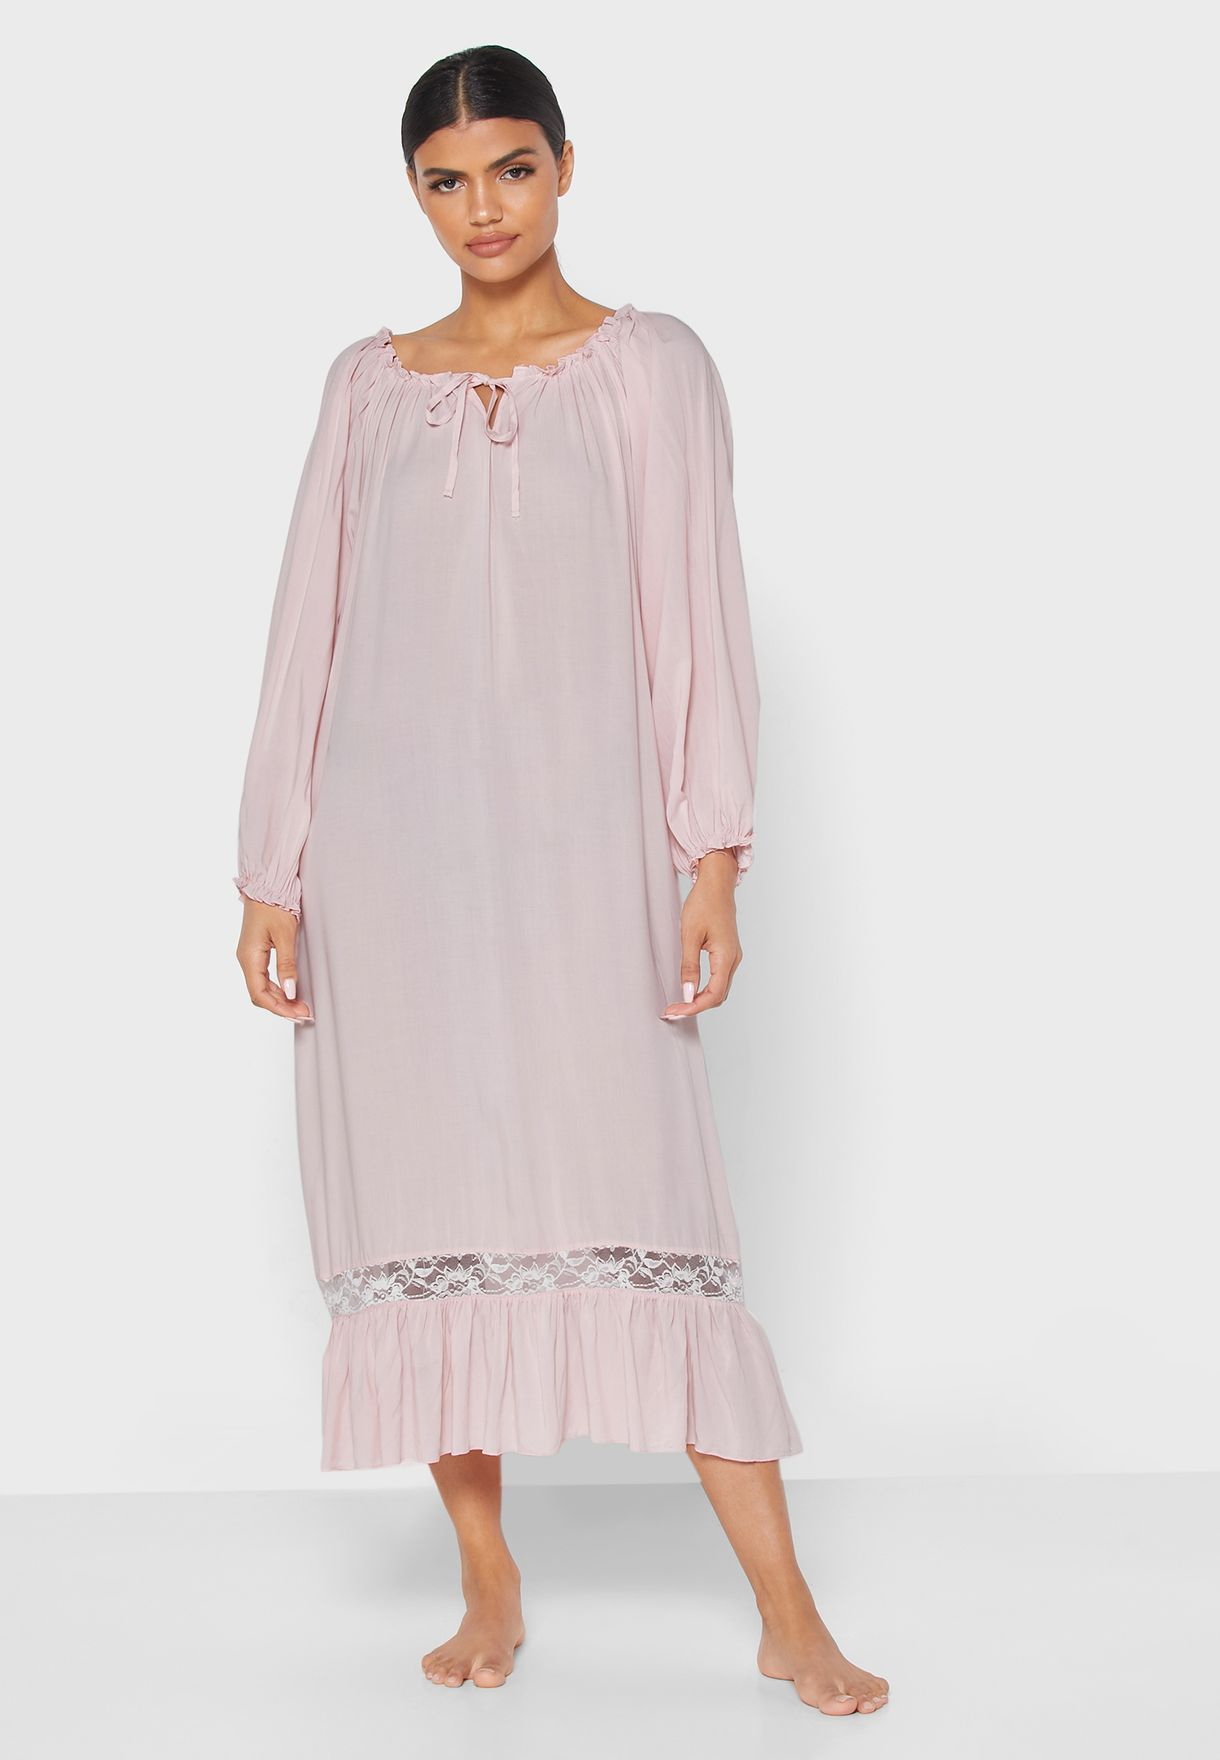 Ruffle Trim Nightdress
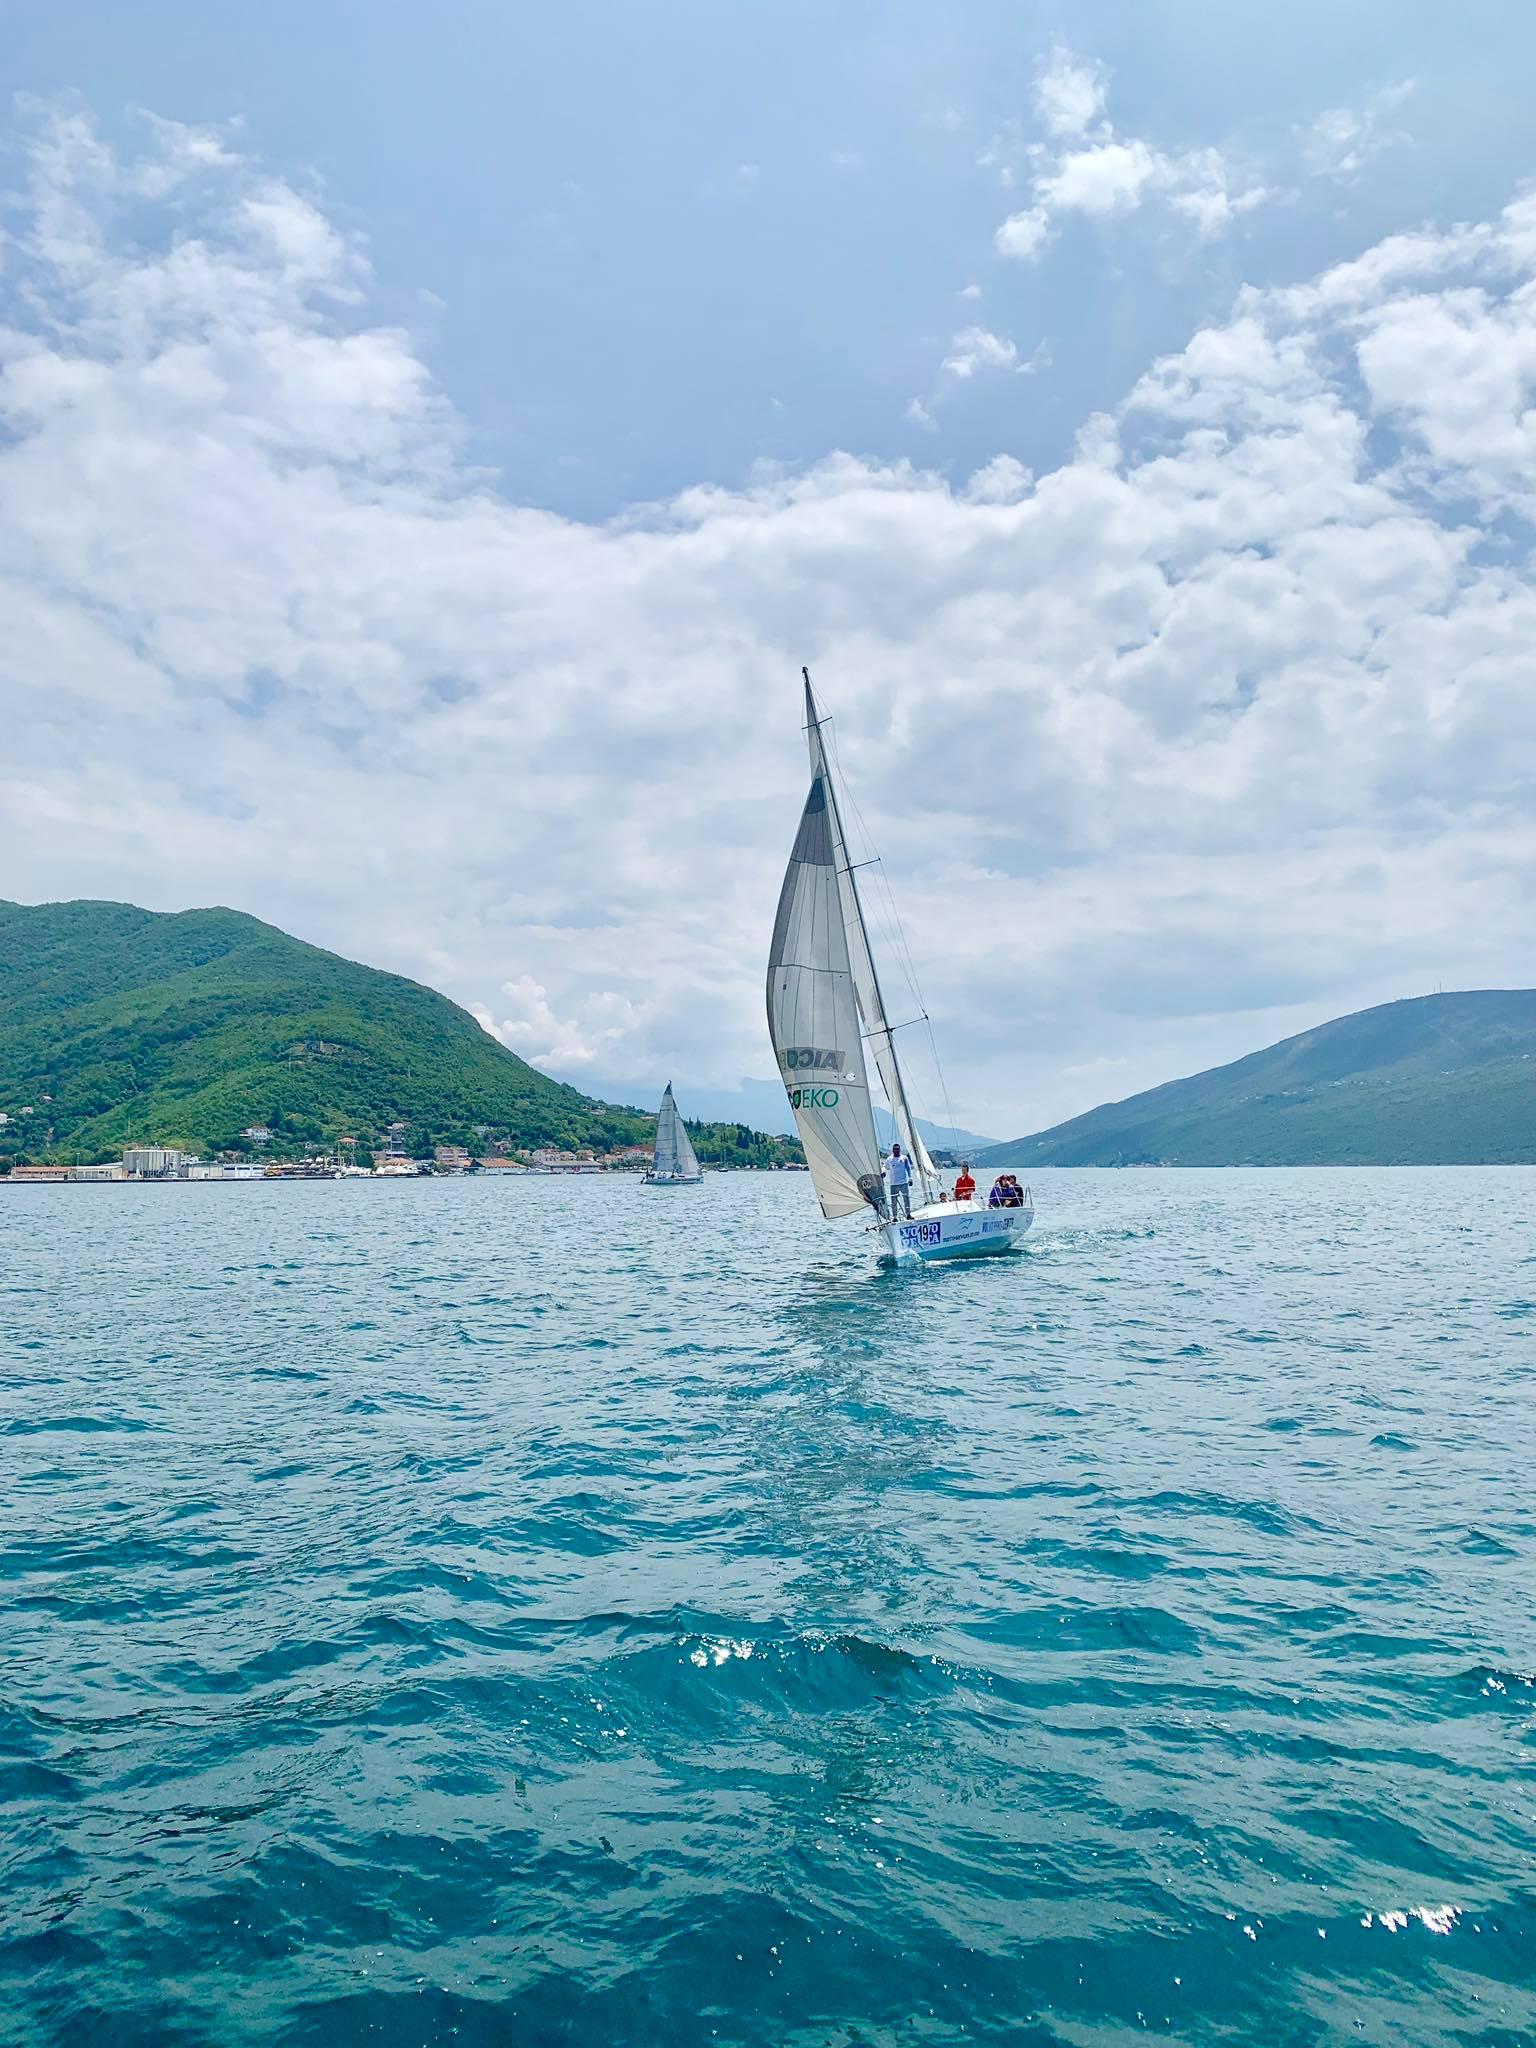 Expat Life in Montenegro Day 2 First full day in Herceg Novi3.jpg
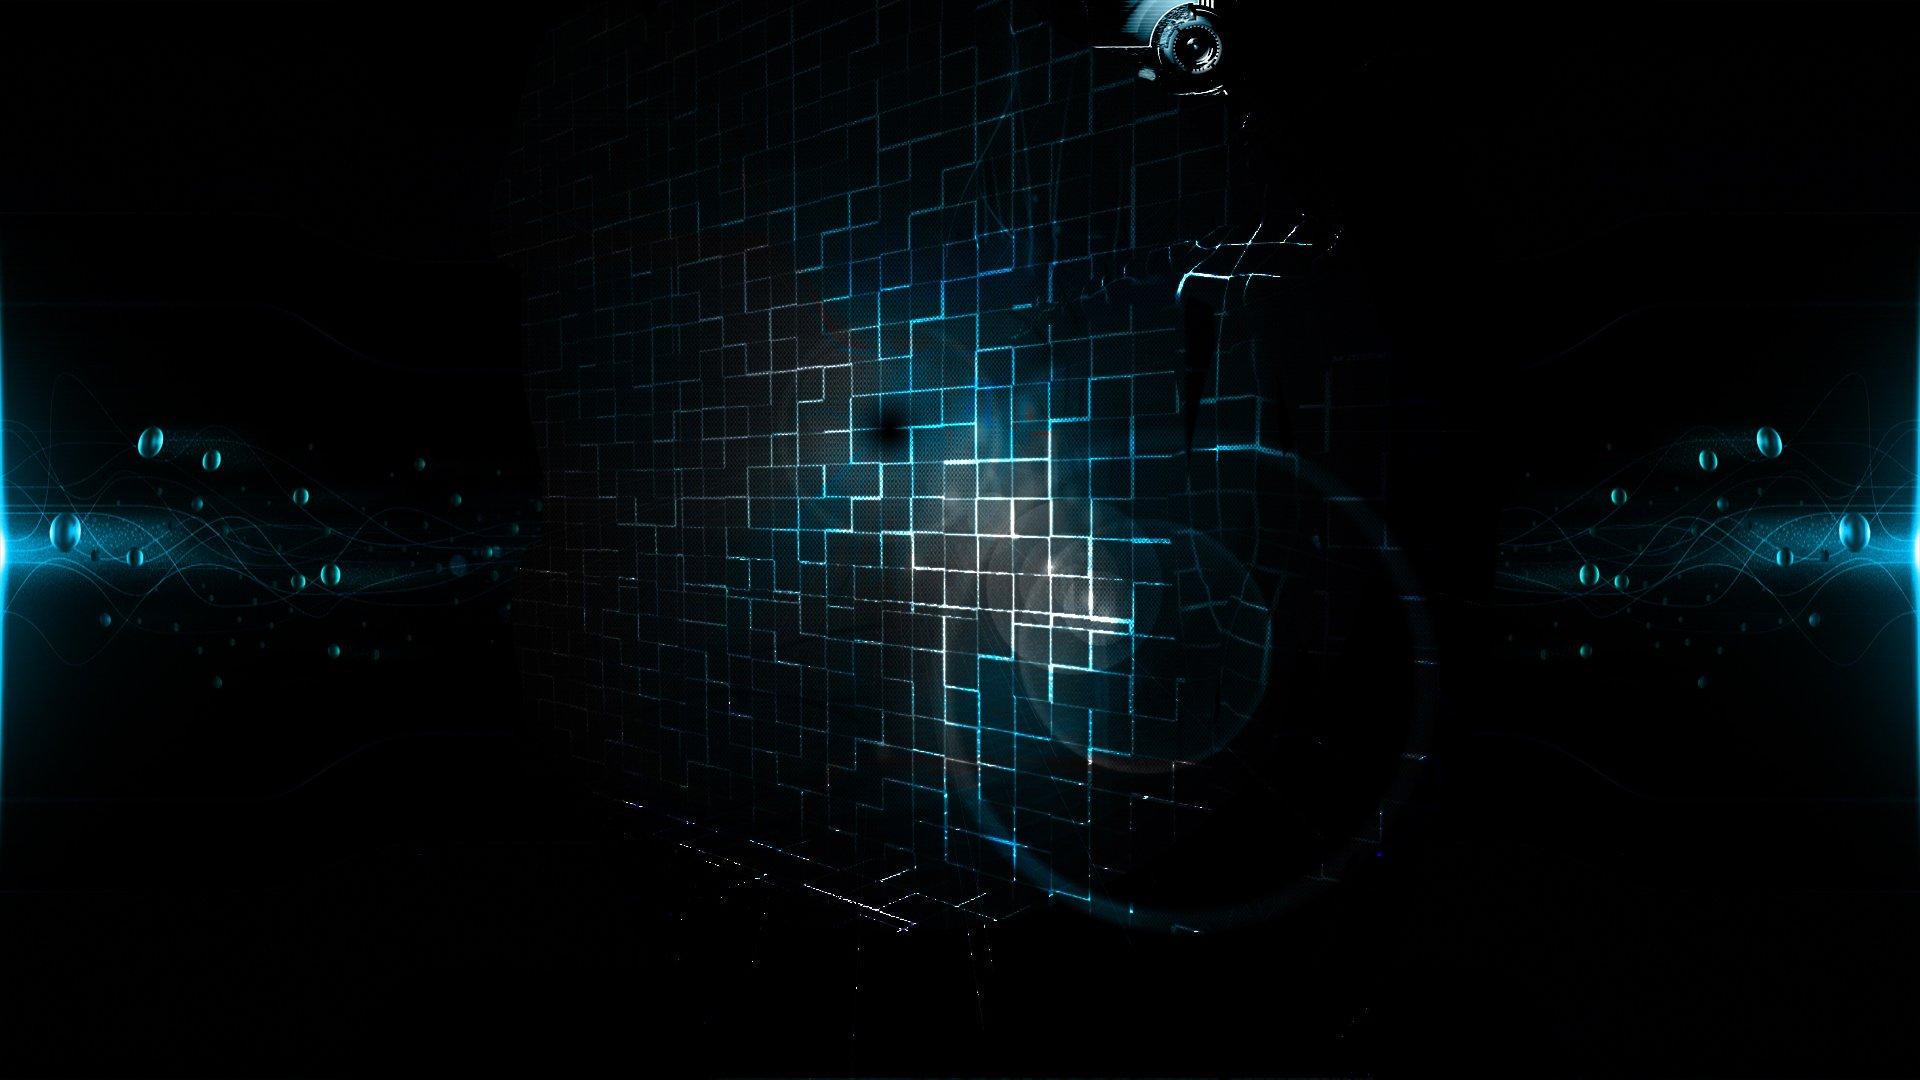 Artistic - 3D Art  Wallpaper

About this task -> The response has to be an exact copy of all the data, pictures excluded.

Answer below ->
 Ruffle Trim Nightdress
 Expat Life in Montenegro Day 2 First full day in Herceg Novi3.jpg
 Artistic - 3D Art  Wallpaper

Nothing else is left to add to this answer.